Se as suas clientes regressam com as unhas a descolar ao fim de 7 a 10 dias, não é "mau unhas" ou "azar". É preparação. E na preparação, existem dois produtos que diferenciam um bom serviço de um serviço profissional capaz de suportar uma carga de trabalho real: desidratador e primer. Um kit de desidratador e primer para preparação das unhas, quando utilizado corretamente, não só melhora a fixação, como também proporciona consistência. É isso que torna o seu negócio rentável.

Não se trata apenas de aplicar "um líquido" e está feito. Trata-se de perceber o que acontece na lâmina ungueal, o que cada tipo de unha necessita e como ajustar o protocolo para que a base, o gel construtor, o acrílico ou o Gel-X permaneçam no lugar. Vamos ao que interessa.

O que faz exatamente um kit de desidratador e primer para a preparação das unhas?

Quando falamos de um conjunto, estamos a falar de duas funções distintas e complementares. O desidratador prepara a superfície. O primer cria a ponte de ligação.

O desidratador de unhas reduz a humidade e remove os resíduos invisíveis: água, sebo, pó fino deixado após a lixagem e aquela "película" muitas vezes invisível. Não é um produto de limpeza típico. O seu objetivo é deixar a unha momentaneamente mais seca e preparada para o passo seguinte.

O primer (primer para unhas) atua como promotor de adesão. Dependendo do tipo — ácido ou não ácido — irá "aderir" mais ou menos, ou criar uma camada de ligação química. Isto é fundamental: o primário não substitui uma boa preparação mecânica. Se a superfície da sua unha estiver brilhante, se a cutícula estiver aderida ou se não selou corretamente a ponta livre, o primário não vai resolver o problema. Mas com a preparação adequada, faz toda a diferença.

Porque é que 80% dos liftings faciais têm origem na fase de preparação?
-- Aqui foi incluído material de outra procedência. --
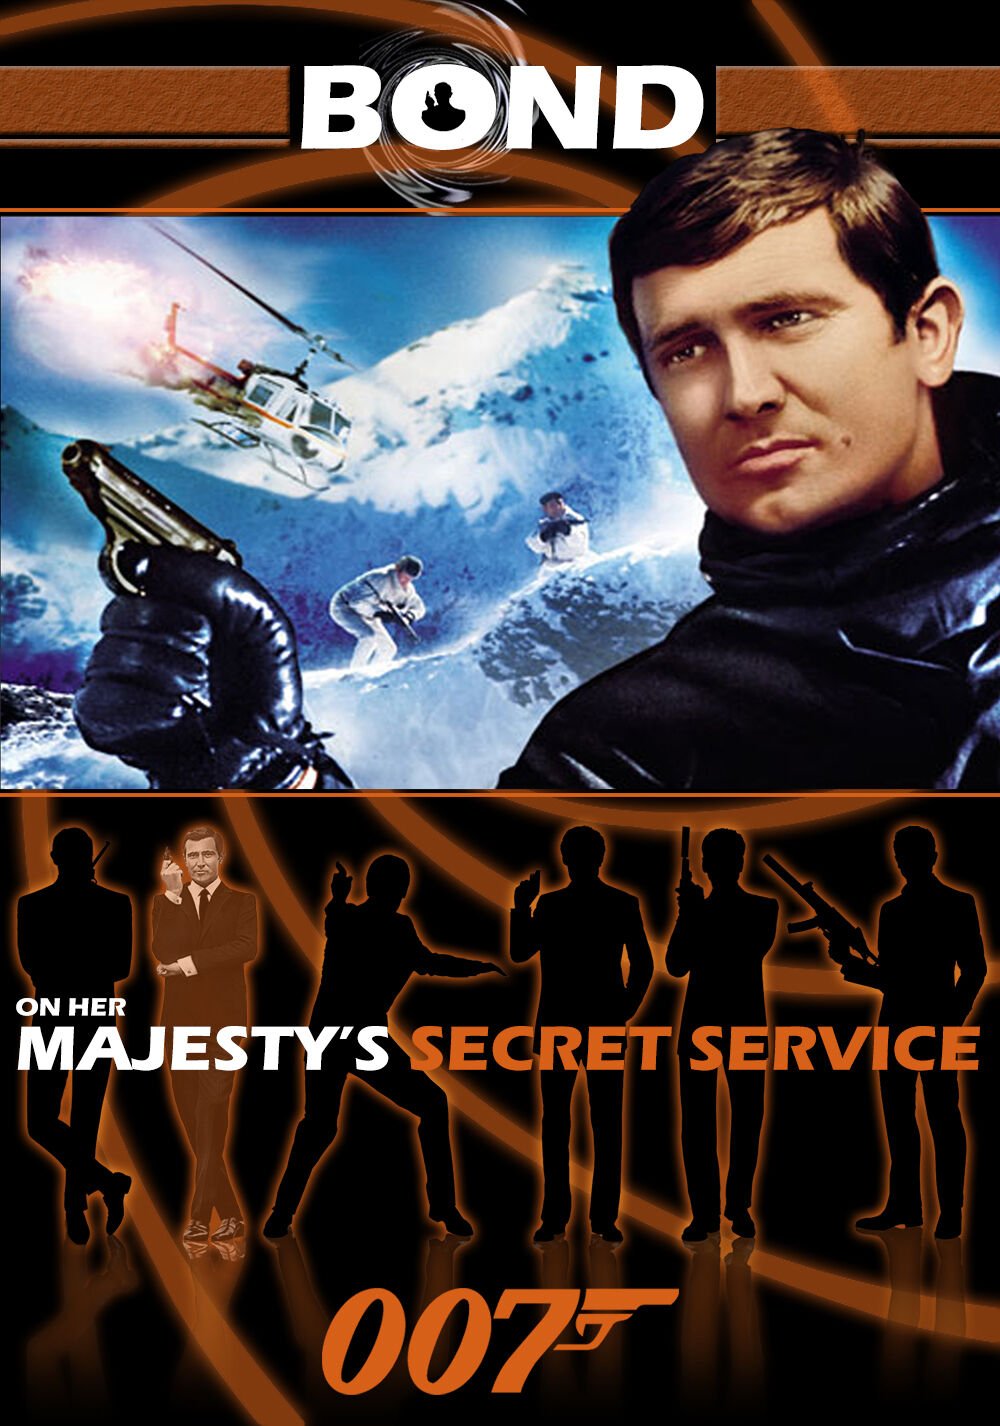 On Her Majesty's Secret Service Style G Movie Poster 13x19 inches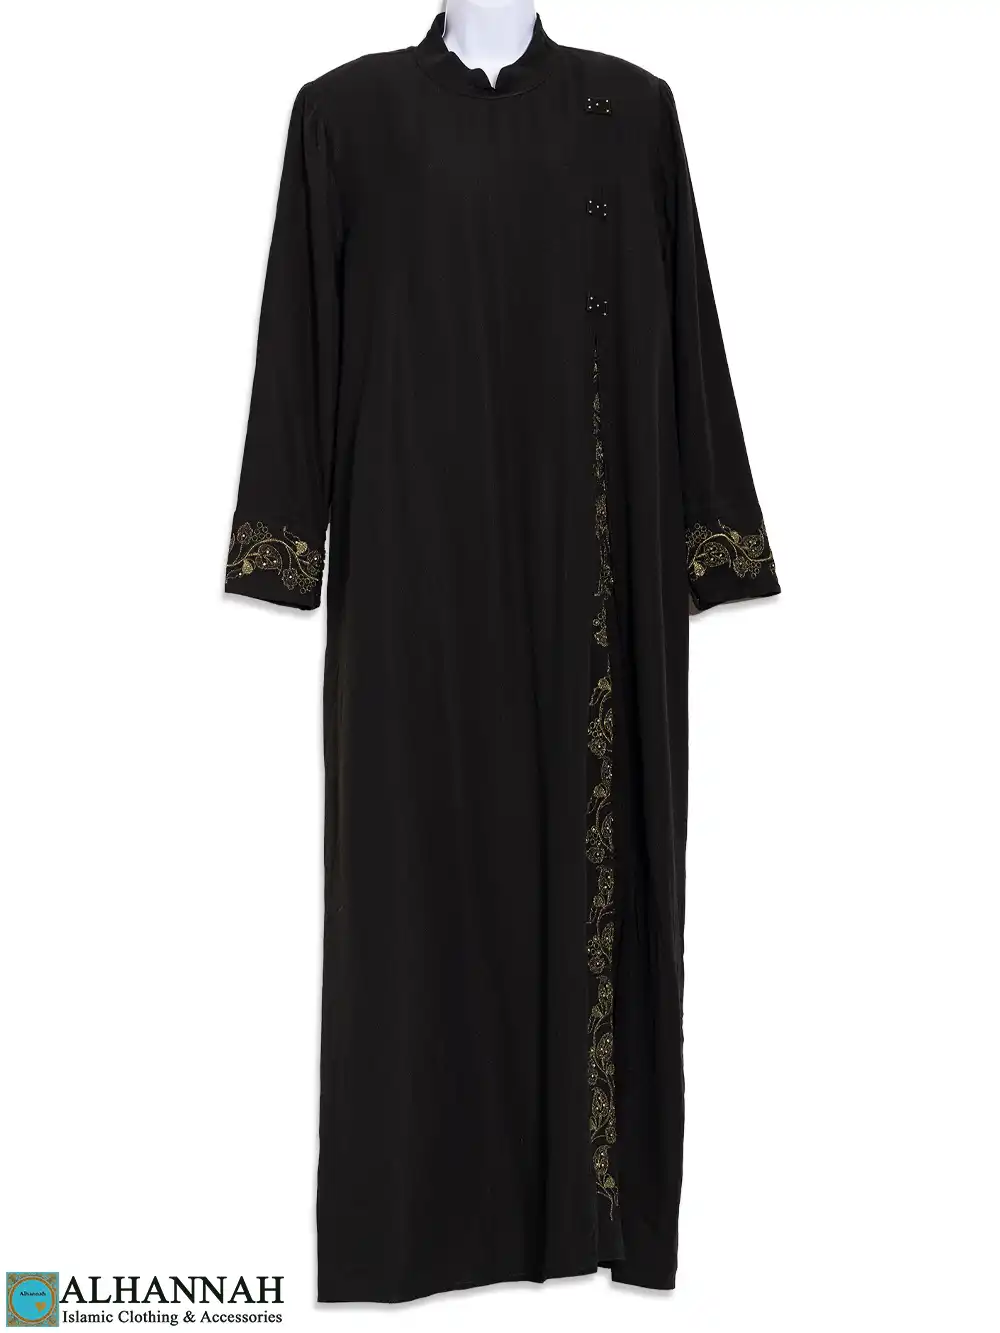 Golden Floral Abaya in US Size 16/18 | ab901 | Alhannah Islamic Clothing

O processo de descolamento começa quase sempre na cutícula ou nas laterais das unhas. É precisamente aí que a limpeza é mais difícil e onde há maior movimentação. Ali, combinam-se três inimigos: pele, humidade e excesso de produto.

Se deixar a cutícula intacta (cutícula invisível), estará a aplicar a camada sobre o tecido, e não sobre a unha. Esta área irá inevitavelmente descolar. Se também trabalhar rapidamente e não controlar o pó, o sistema ficará contaminado. E se finalizar com uma camada de base muito espessa perto da cutícula, criará um ponto de alavanca perfeito. Resultado: descolamento em 3 a 10 dias.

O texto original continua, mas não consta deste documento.